> [DATA EXTRACT]:
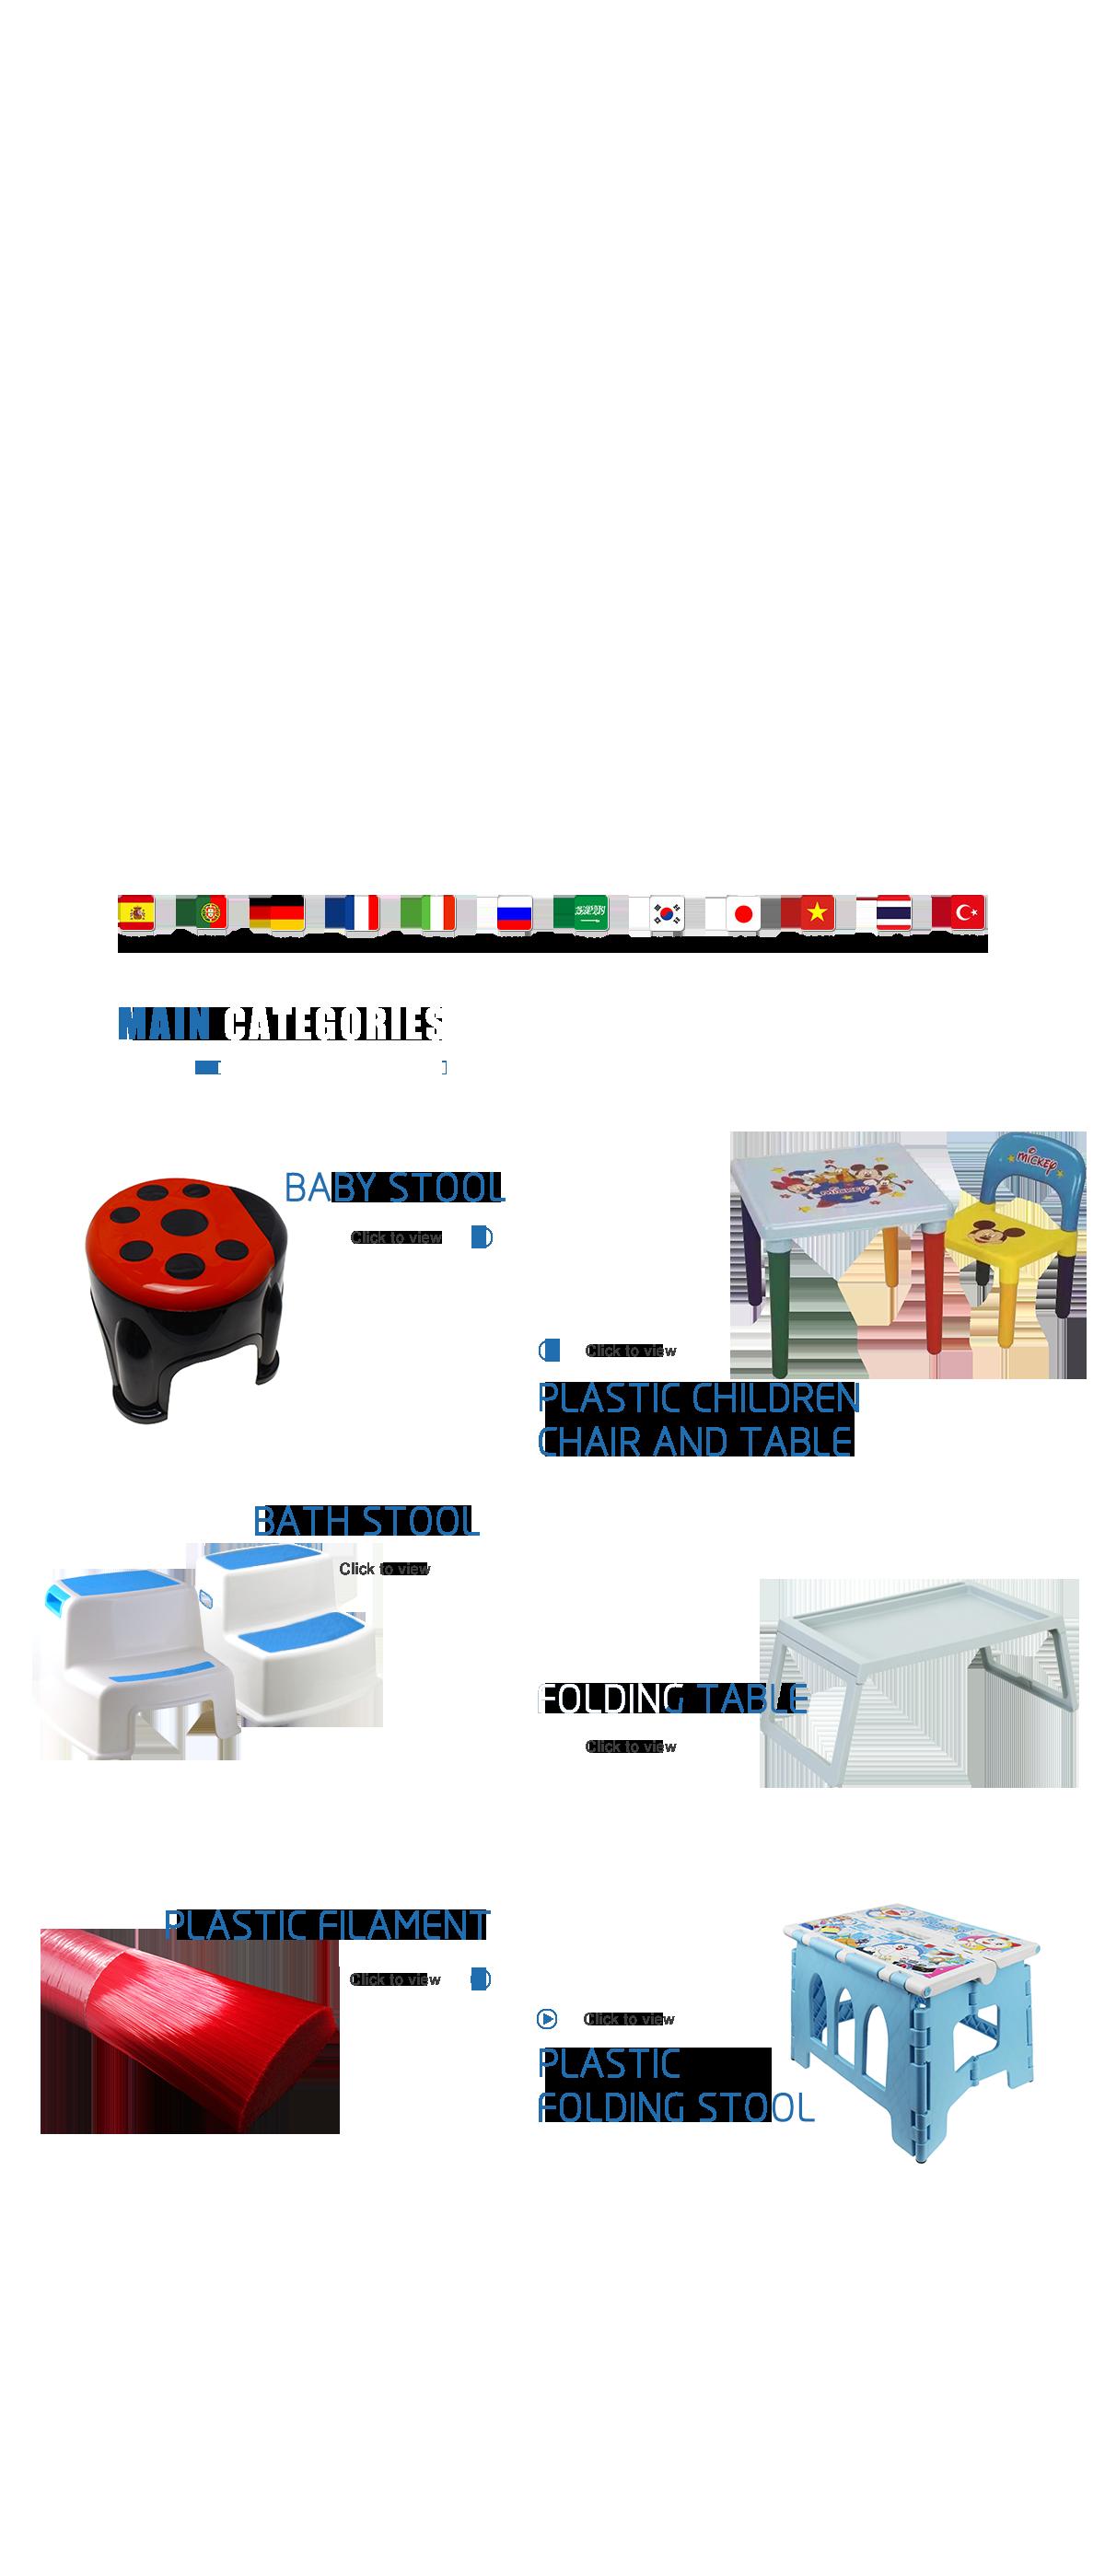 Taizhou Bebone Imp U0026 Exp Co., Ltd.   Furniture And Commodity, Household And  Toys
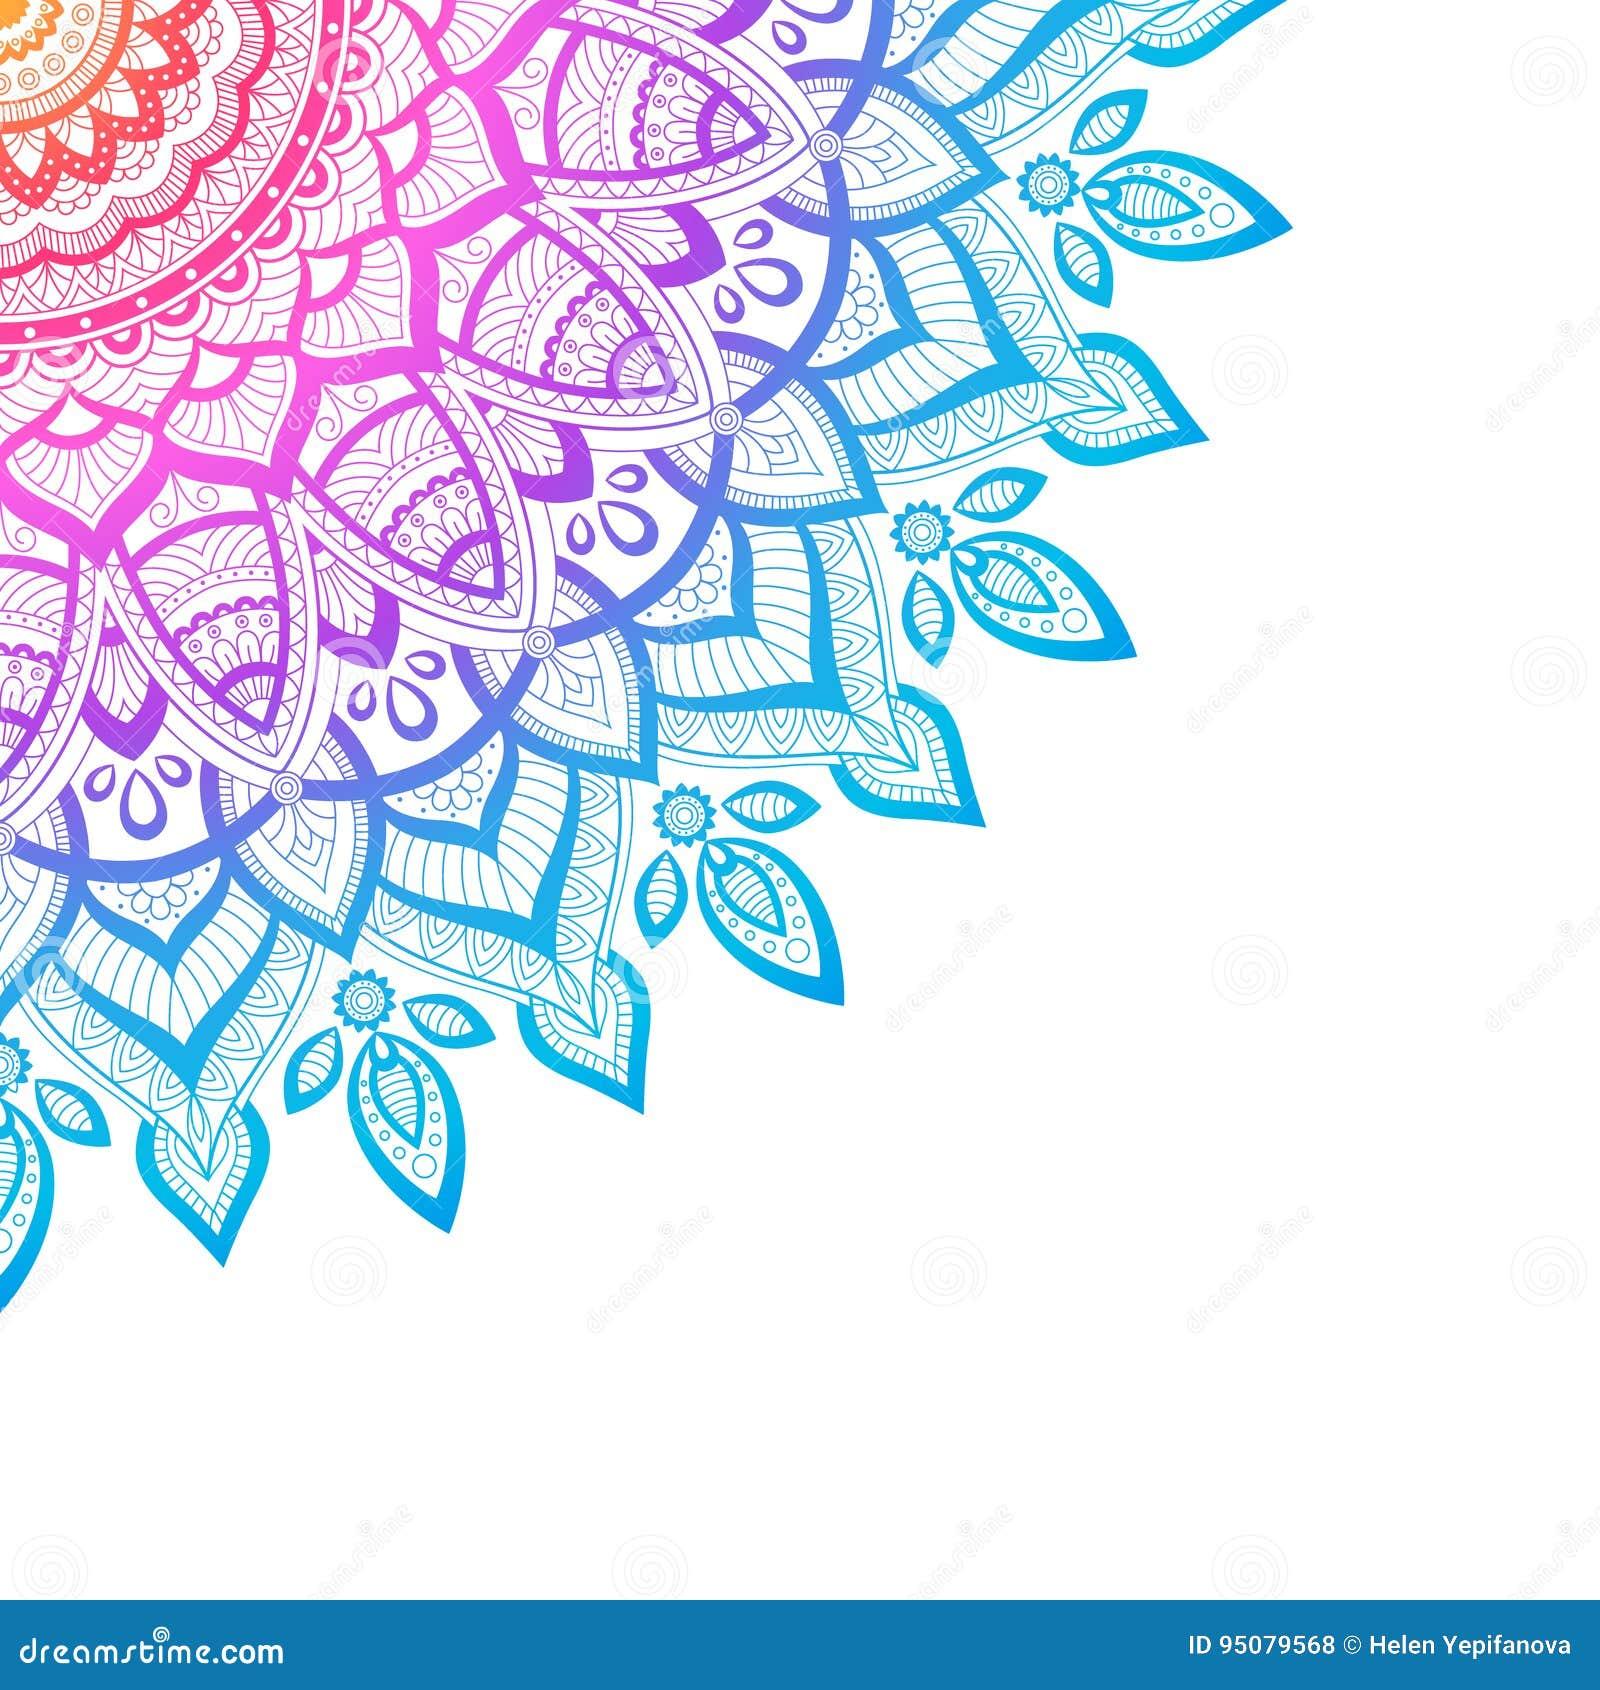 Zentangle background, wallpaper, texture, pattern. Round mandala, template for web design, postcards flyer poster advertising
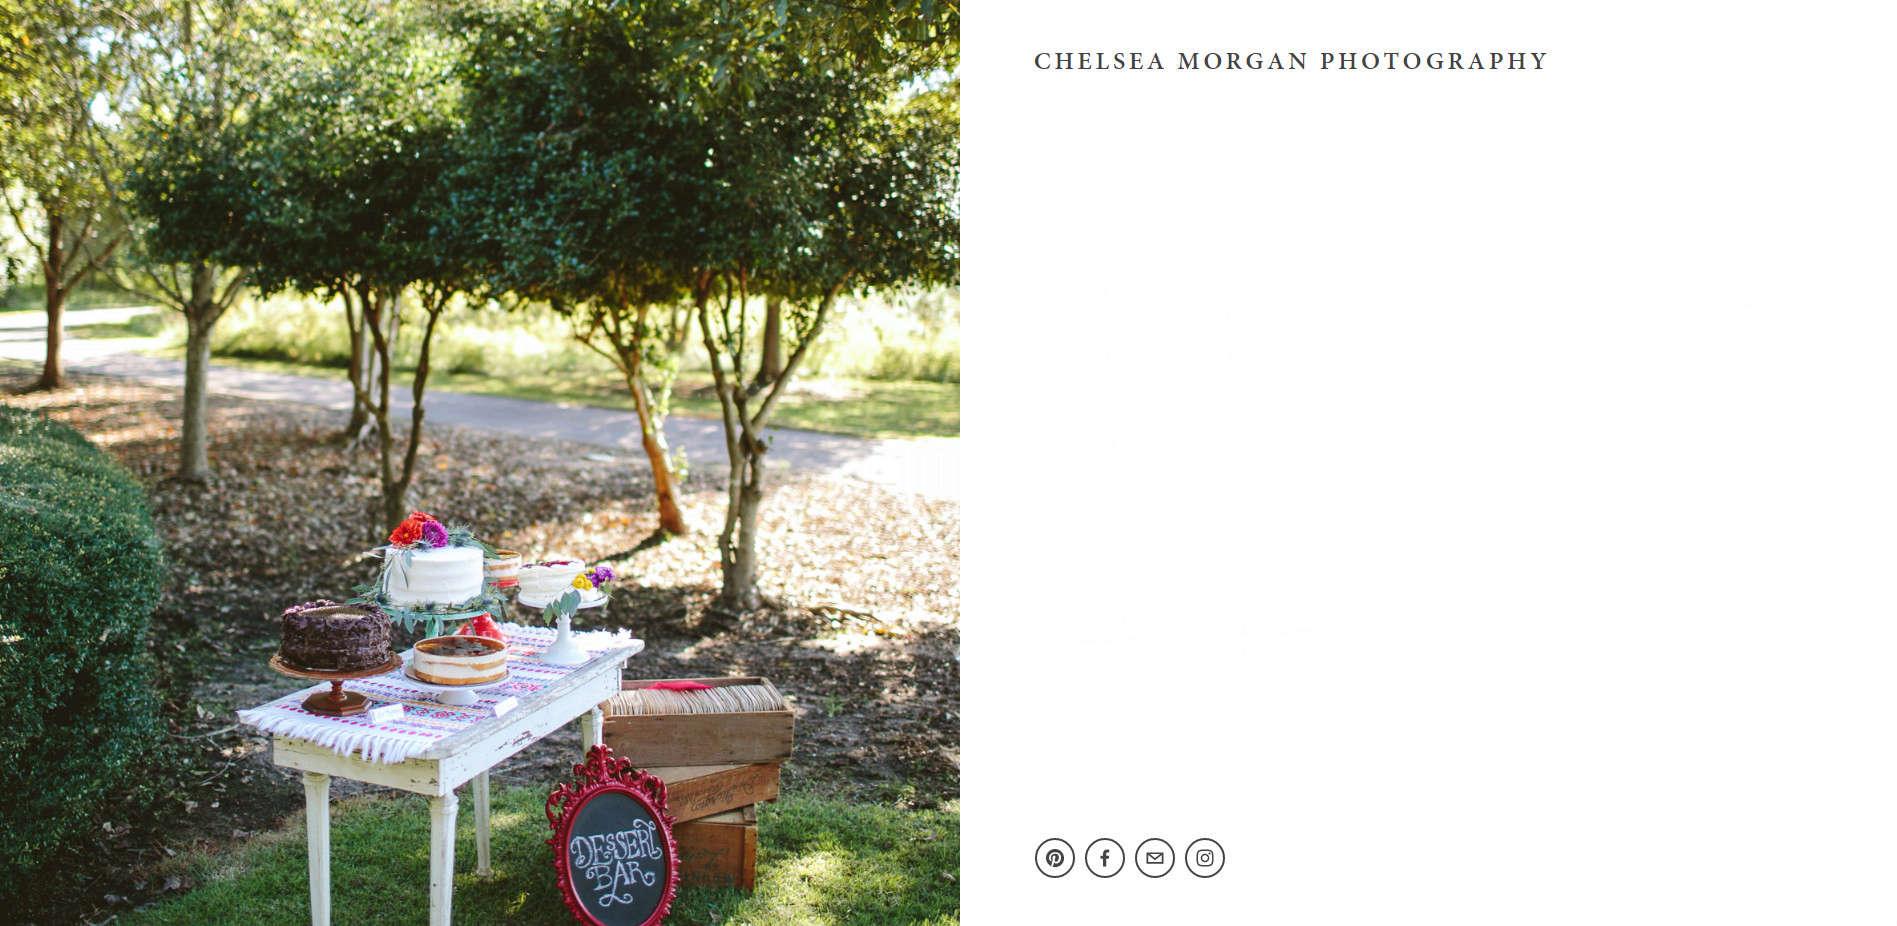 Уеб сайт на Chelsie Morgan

> [WHAT THE TASK REQUIRES]:
Transcribe all of the data above exactly; no picture belongs in the copy.

> [ANSWER TO THIS TASK]:
 Taizhou Bebone Imp U0026 Exp Co., Ltd.   Furniture And Commodity, Household And  Toys
 Zentangle background, wallpaper, texture, pattern. Round mandala, template for web design, postcards flyer poster advertising
 Уеб сайт на Chelsie Morgan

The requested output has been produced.